- [DATA IN THIS EXERCISE]:
====

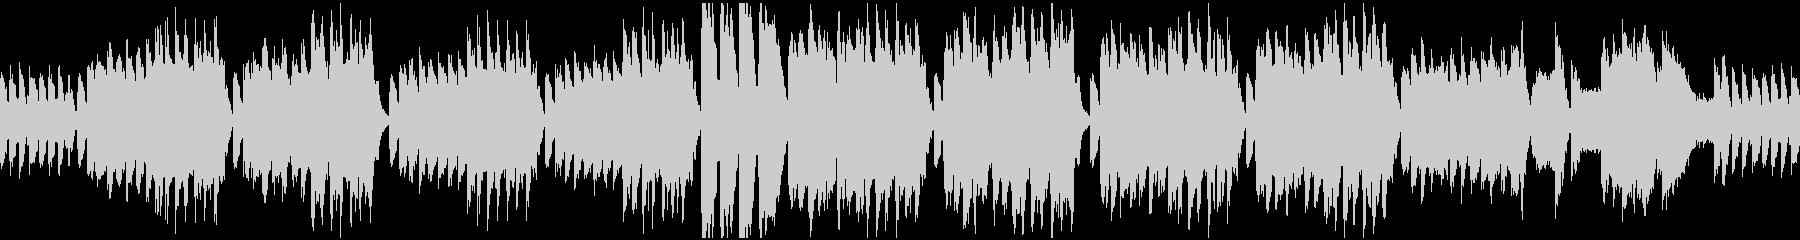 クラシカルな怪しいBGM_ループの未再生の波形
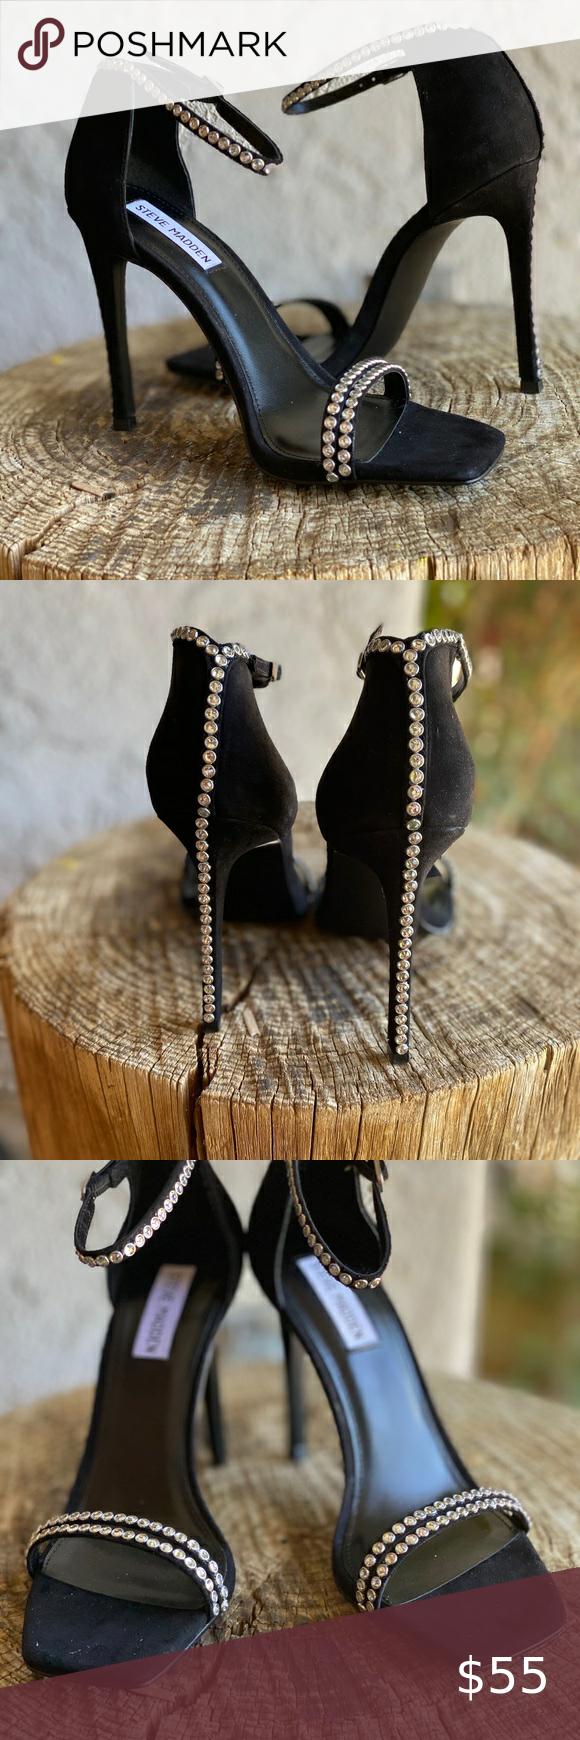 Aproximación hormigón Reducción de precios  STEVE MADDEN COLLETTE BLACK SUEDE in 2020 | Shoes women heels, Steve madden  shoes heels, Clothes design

====

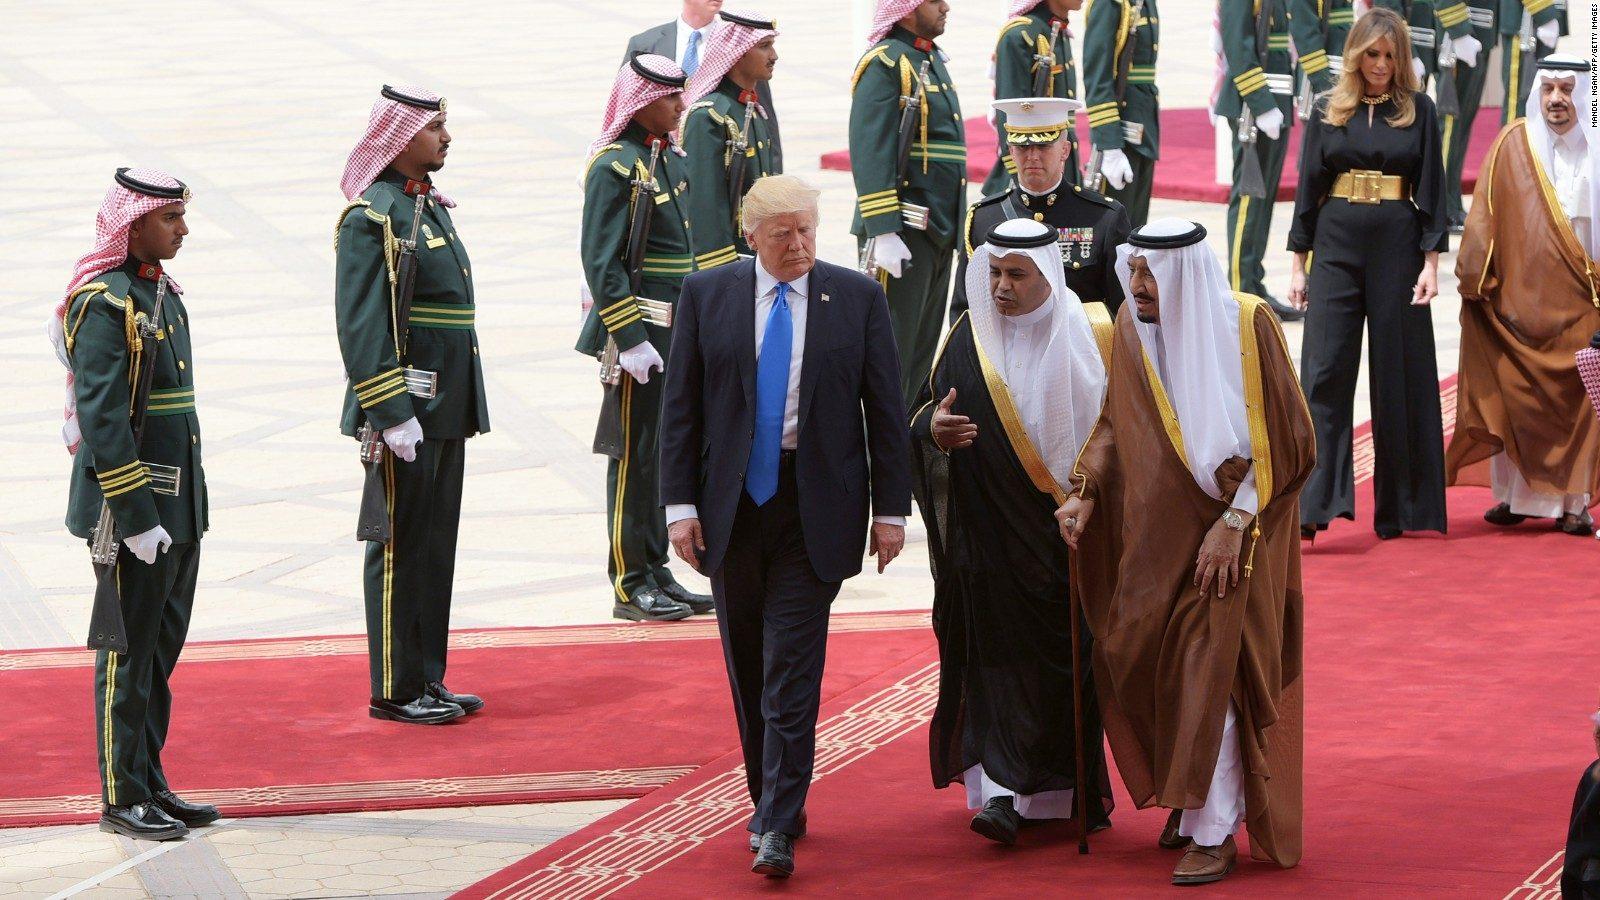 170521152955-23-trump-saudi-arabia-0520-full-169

====

- [AIM OF THE EXERCISE]:
From the listing above, restate verbatim the lines running from the one with "クラシカルな怪しいBGM_ループの未再生の波形" through the one with "Aproximación hormigón Reducción", inclusive, but not the pictures.

- [EXERCISE SOLUTION]:
 クラシカルな怪しいBGM_ループの未再生の波形
 Aproximación hormigón Reducción de precios  STEVE MADDEN COLLETTE BLACK SUEDE in 2020 | Shoes women heels, Steve madden  shoes heels, Clothes design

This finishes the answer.